Posted on 03/31/2009 12:12:44 AM PDT by bruinbirdman
Serves as a reminder that there were, once upon a time, a few human beings on the planet with a full set of balls.
Back in day, I never trusted anyone who didn’t drink in morning.
Edward Teller (an Hungarian Gentile) attributes it to other cultural factors in the German scientific community. Fission was certainly discovered by a German and there were plenty of German physicists who knew what it would take to make a bomb. (The Germans spent more on the militarily useless V2 than the Americans spent on the Manhattan project, so they did not fail for lack of resources.)
As Teller tells it, early attempts at making a nuclear reactor were fustrated because normal commercial grade carbon is contaminated with boron, a neutron absorber. Leo Szilard, another Hungarian physicist, who had been a chemist, and was at Columbia at the time, recognized this and the Americans (and Fermi, also a Gentile) succeeded in making a nuclear reactor by using far more expensive reagent grade carbon. Teller claims that Heisenberg, who was leading the German efforts, would never have talked to a chemist.
Yes, but der Fuehrer had his own vices, namely, amphetamines, injected several times daily....

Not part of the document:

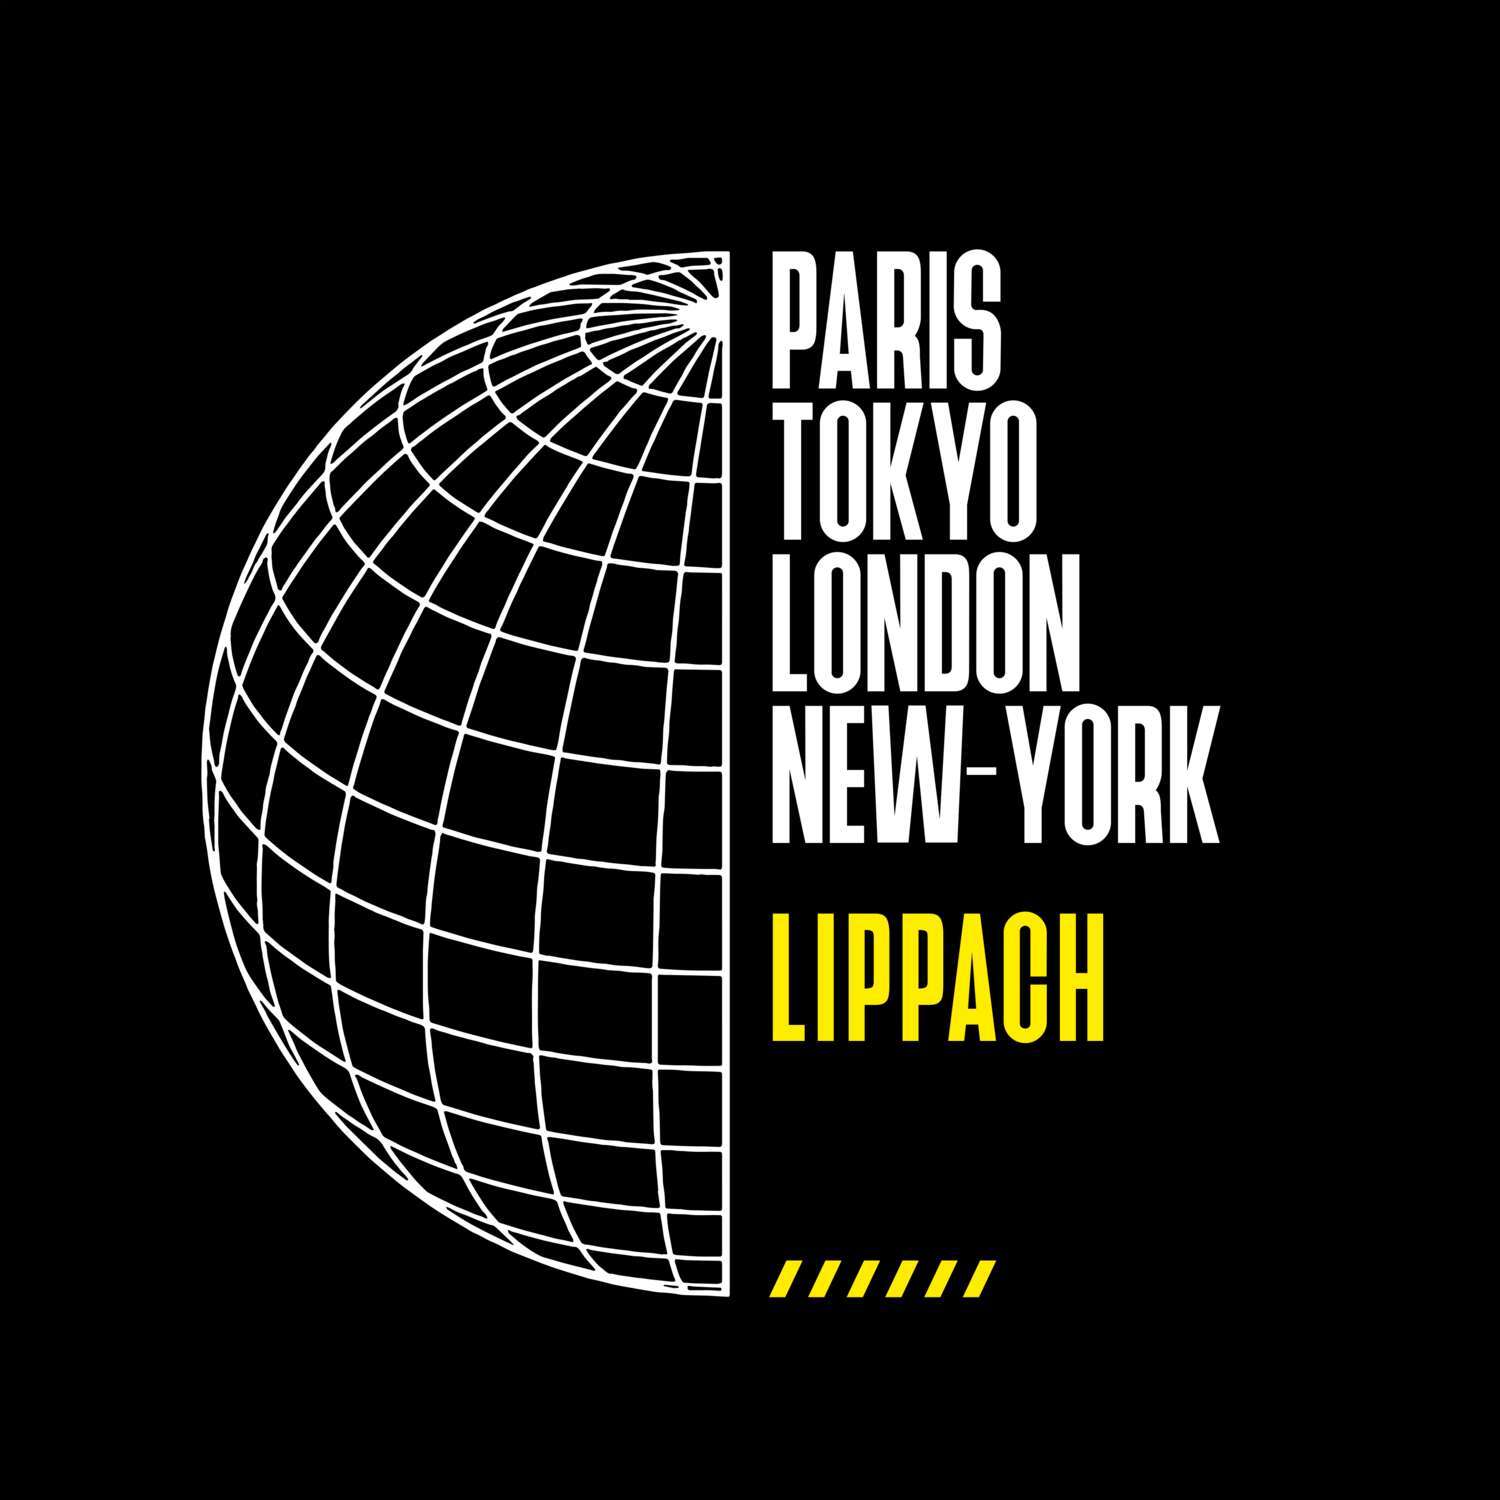 Lippach T-Shirt »Paris Tokyo London«

Churchill was a great man, but had real issues nontheless. During WWII, he underwent fits of debilitating depression. He probably needed alcohol as a pick-me-up to face the day.

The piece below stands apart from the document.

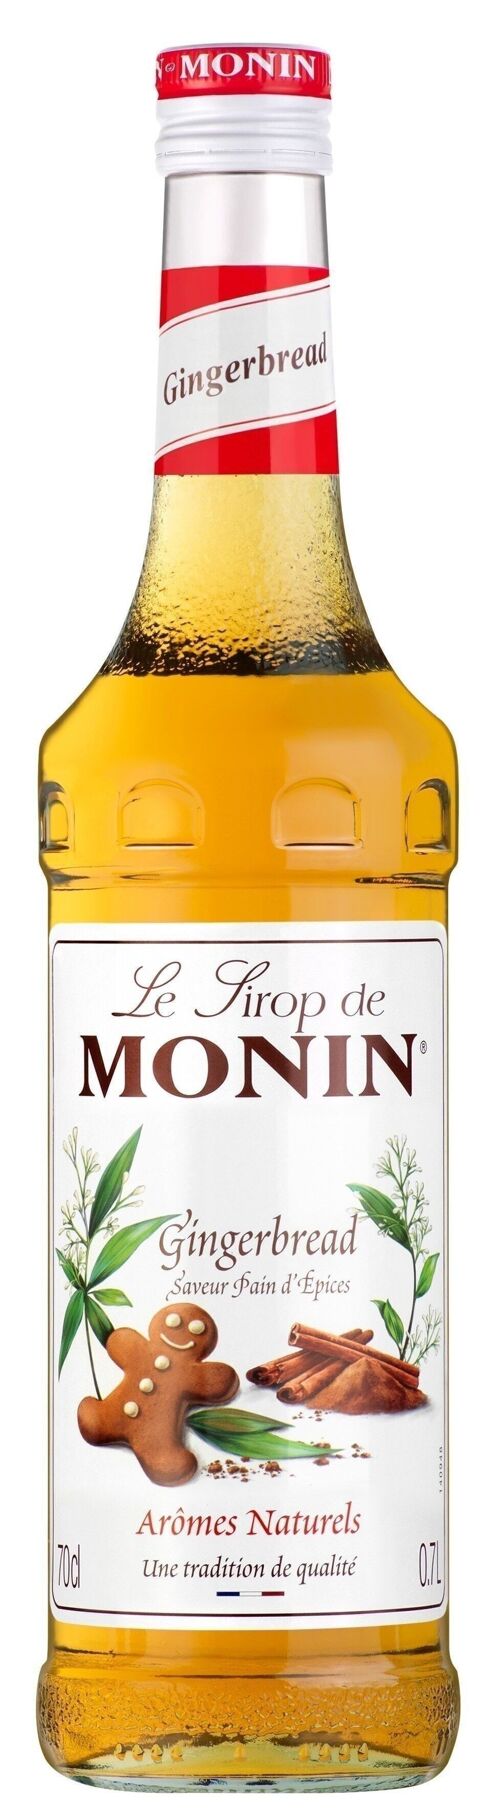 Sirop Saveur Pain d'épices MONIN pour aromatiser vos boissons chaudes - Arômes naturels - 70cl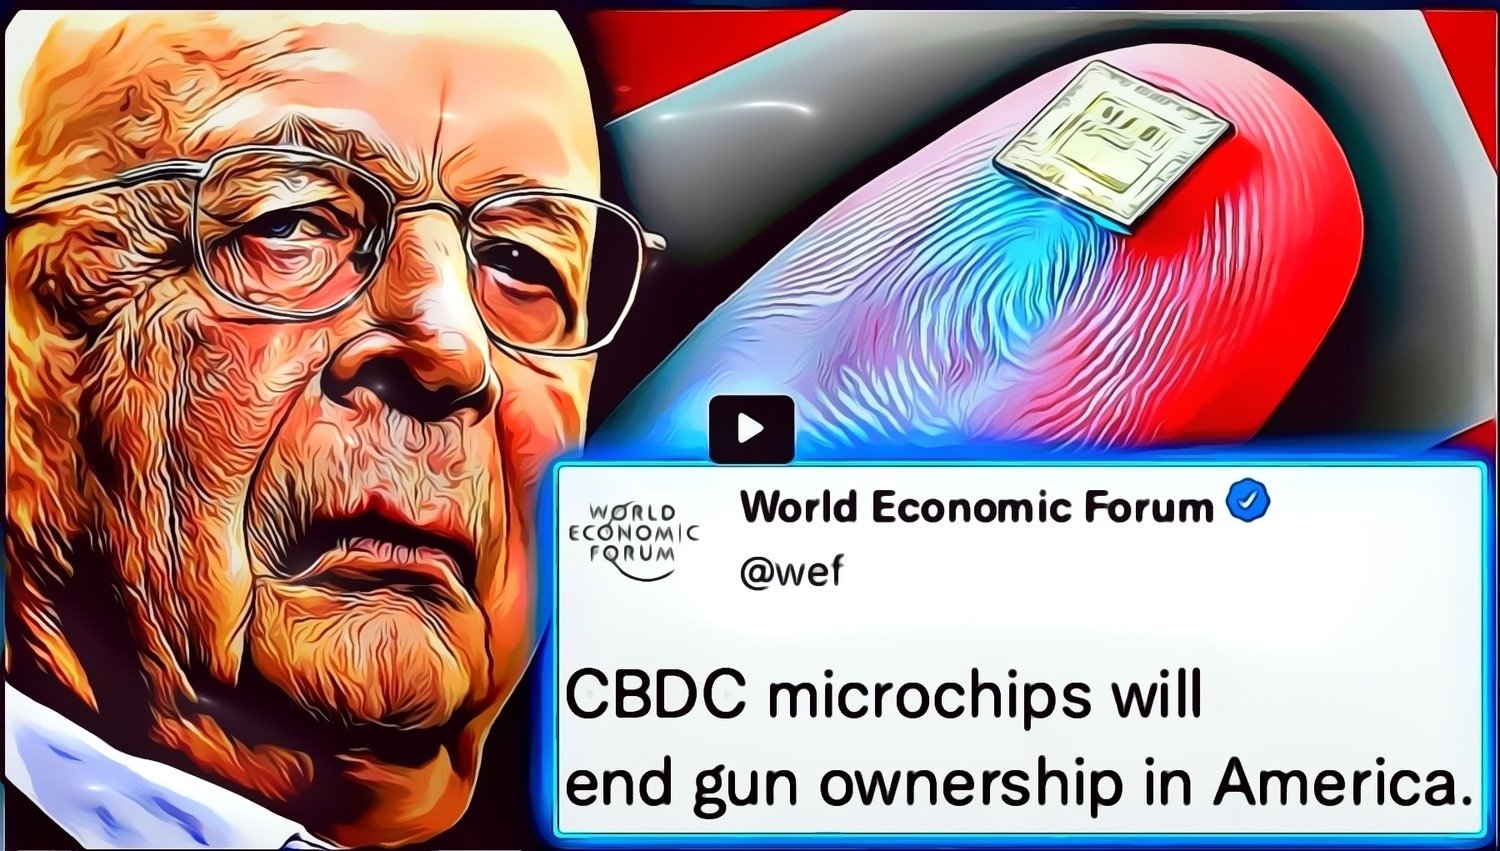 WEF lanseeraa “pedon merkin”, CBDC-mikrosirun “lopettaakseen aseiden omistuksen Amerikassa”

In one of Churchill's better biographies -- The Last Lion, I believe -- the author mentioned that Churchill was rarely, if ever, completely sober during his entire adult life. He wasn't a drunkard, but he always had alcohol in his bloodstream.
As for his depression, he called it his "little black dog," that followed him around his entire life. Depression seems to be the mark of many great people.